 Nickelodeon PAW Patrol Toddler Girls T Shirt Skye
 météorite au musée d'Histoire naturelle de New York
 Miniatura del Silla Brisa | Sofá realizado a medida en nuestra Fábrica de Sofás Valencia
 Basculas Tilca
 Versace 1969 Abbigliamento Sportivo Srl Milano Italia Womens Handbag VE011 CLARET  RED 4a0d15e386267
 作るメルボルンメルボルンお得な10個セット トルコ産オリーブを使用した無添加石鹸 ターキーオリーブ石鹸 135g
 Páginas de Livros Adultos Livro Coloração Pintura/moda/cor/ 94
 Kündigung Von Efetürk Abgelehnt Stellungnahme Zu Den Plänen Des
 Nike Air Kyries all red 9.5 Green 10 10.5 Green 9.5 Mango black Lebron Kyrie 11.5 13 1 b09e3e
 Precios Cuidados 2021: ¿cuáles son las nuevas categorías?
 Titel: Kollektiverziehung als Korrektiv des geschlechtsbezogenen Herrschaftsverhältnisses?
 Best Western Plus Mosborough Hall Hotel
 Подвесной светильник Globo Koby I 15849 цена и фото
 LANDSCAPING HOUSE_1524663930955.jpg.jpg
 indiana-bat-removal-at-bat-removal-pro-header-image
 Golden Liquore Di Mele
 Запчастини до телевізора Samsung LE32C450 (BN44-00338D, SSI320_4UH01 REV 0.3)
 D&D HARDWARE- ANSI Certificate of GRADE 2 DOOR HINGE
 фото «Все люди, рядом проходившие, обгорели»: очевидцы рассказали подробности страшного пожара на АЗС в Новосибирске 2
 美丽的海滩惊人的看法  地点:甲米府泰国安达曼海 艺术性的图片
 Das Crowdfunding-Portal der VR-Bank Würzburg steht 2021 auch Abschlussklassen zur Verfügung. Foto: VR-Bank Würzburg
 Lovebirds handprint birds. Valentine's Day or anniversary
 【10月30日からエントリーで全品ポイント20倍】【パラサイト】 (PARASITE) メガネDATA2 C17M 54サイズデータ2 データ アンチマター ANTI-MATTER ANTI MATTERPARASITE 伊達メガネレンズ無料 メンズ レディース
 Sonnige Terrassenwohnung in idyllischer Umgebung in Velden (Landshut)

**Exercise details:**
Please restate, exactly as written, the line that holds "Das Crowdfunding-Portal der" and all remaining lines of the data above, and only those.

**Reply to the exercise:**
 Das Crowdfunding-Portal der VR-Bank Würzburg steht 2021 auch Abschlussklassen zur Verfügung. Foto: VR-Bank Würzburg
 Lovebirds handprint birds. Valentine's Day or anniversary
 【10月30日からエントリーで全品ポイント20倍】【パラサイト】 (PARASITE) メガネDATA2 C17M 54サイズデータ2 データ アンチマター ANTI-MATTER ANTI MATTERPARASITE 伊達メガネレンズ無料 メンズ レディース
 Sonnige Terrassenwohnung in idyllischer Umgebung in Velden (Landshut)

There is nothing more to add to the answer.